Ah, that makes sense that Xen handles both.  I was repeating another
commit message's statement.  Oh, it looks like pci_msi_ignore_mask is
PV-specific.

Regards,
Jason

Roger Pau Monné Oct. 25, 2021, 12:58 p.m. UTC | #6

On Mon, Oct 25, 2021 at 12:53:31PM +0100, David Woodhouse wrote:
> On Mon, 2021-10-25 at 13:43 +0200, Roger Pau Monné wrote:
> > It's kind of optional for HVM guests, as it depends on
> > XENFEAT_hvm_pirqs, which sadly gets unconditionally set for HVM
> > guests, thus dropping any benefits from having hardware assisted APIC
> > virtualization or posted interrupts support.
> 
> Indeed. After implementing PIRQ support for Xen guests running under
> KVM, I spent a "happy" couple of days swearing at it because it
> actually *worked* if something would just *unmask* the f***ing MSI, but
> the guest inexplicably (to me) didn't do that.
> 
> Took me a while to work out that Xen itself is *snooping* on the MSI
> table writes even while they are *masked*, to capture the magic MSI
> message (with vector==0) which means it's actually a PIRQ# in the
> destination ID bits, and then magically unmask the MSI when the guest
> binds that PIRQ to an event channel.
> 
> I did not enjoy implementing that part.

I can see that. It's even better because none of this is actually
documented.

> FWIW the *guest* could potentlaly be smarter here and elect not to use
> PIRQs when hardware assisted vAPIC is present. Aren't there some bits
> in the CPUID that Xen advertises, which indicate that? 
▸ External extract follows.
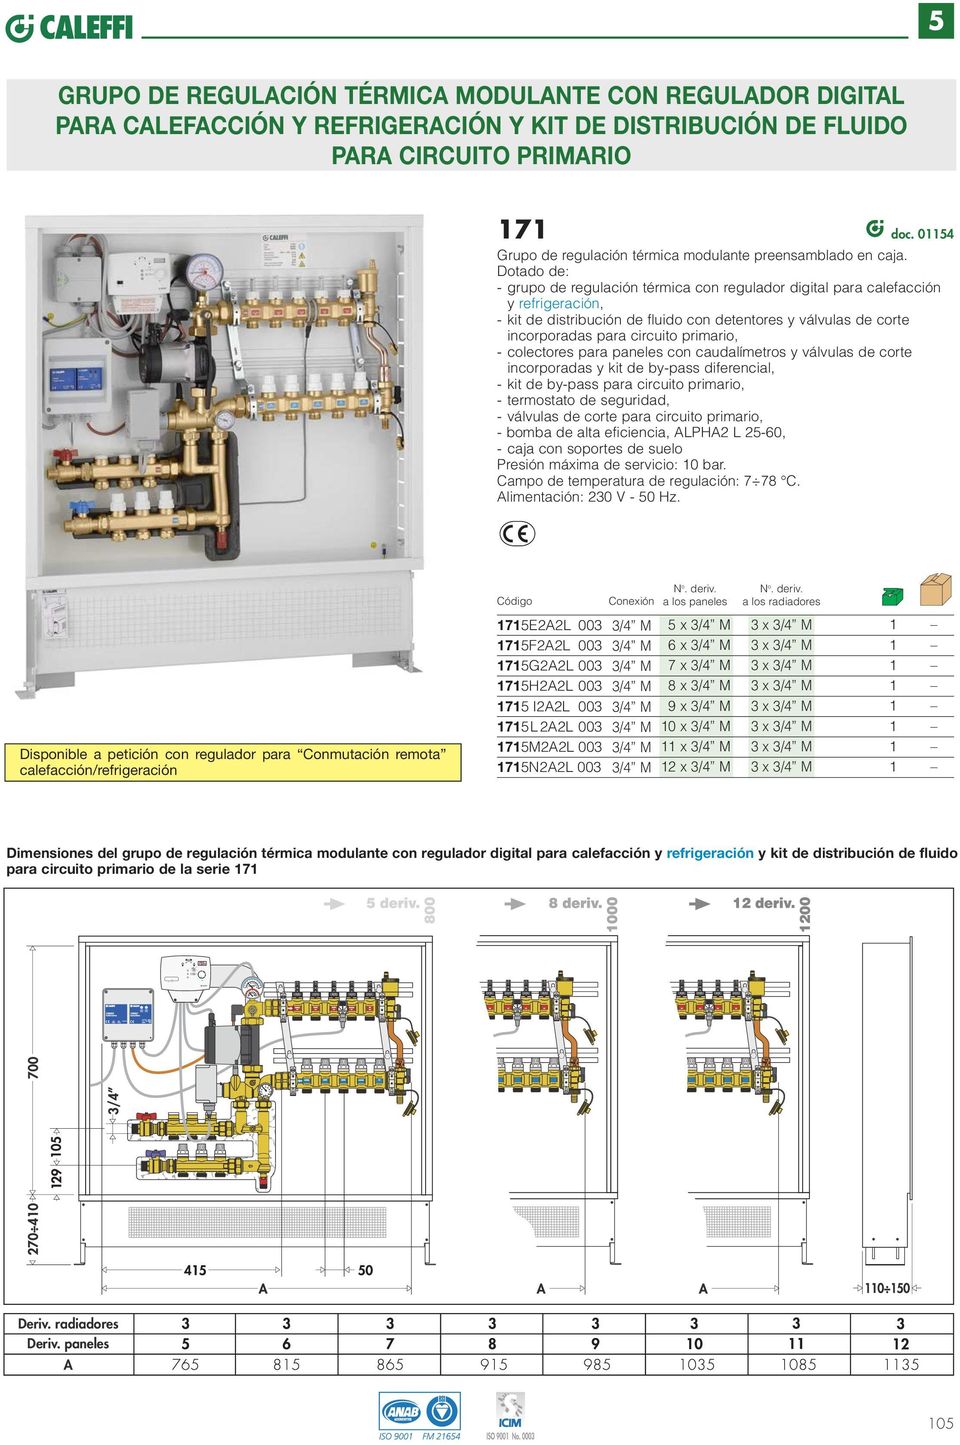 Dotado de: - grupo de regulación térmica con regulador digital para calefacción y refrigeración, - kit de distribución de fluido con detentores y válvulas de corte incorporadas para circuito

Yes, it's in leaf 0x40000x04. FWIW, I would also be fine with removing
XENFEAT_hvm_pirqs, as I don't think diverging from the hardware
specifications gives us much benefit. We avoid a couple of vm exits
for sure, but the cost of having all those modifications in guest
OSes is not worth it.

Roger.

David Woodhouse Oct. 25, 2021, 1:02 p.m. UTC | #7

On Mon, 2021-10-25 at 14:58 +0200, Roger Pau Monné wrote:
> On Mon, Oct 25, 2021 at 12:53:31PM +0100, David Woodhouse wrote:
> > On Mon, 2021-10-25 at 13:43 +0200, Roger Pau Monné wrote:
> > > It's kind of optional for HVM guests, as it depends on
> > > XENFEAT_hvm_pirqs, which sadly gets unconditionally set for HVM
> > > guests, thus dropping any benefits from having hardware assisted APIC
> > > virtualization or posted interrupts support.
> > 
> > Indeed. After implementing PIRQ support for Xen guests running under
> > KVM, I spent a "happy" couple of days swearing at it because it
> > actually *worked* if something would just *unmask* the f***ing MSI, but
> > the guest inexplicably (to me) didn't do that.
> > 
> > Took me a while to work out that Xen itself is *snooping* on the MSI
> > table writes even while they are *masked*, to capture the magic MSI
> > message (with vector==0) which means it's actually a PIRQ# in the
> > destination ID bits, and then magically unmask the MSI when the guest
> > binds that PIRQ to an event channel.
> > 
> > I did not enjoy implementing that part.
> 
> I can see that. It's even better because none of this is actually
> documented.

Indeed. I still haven't worked out if/how Xen actually *masks* the
corresponding MSI-X again. It can't do so when the evtchn is masked,
since that's just a bit in the shinfo page. So while the evtchn is
masked, the MSI can still be screaming into the void?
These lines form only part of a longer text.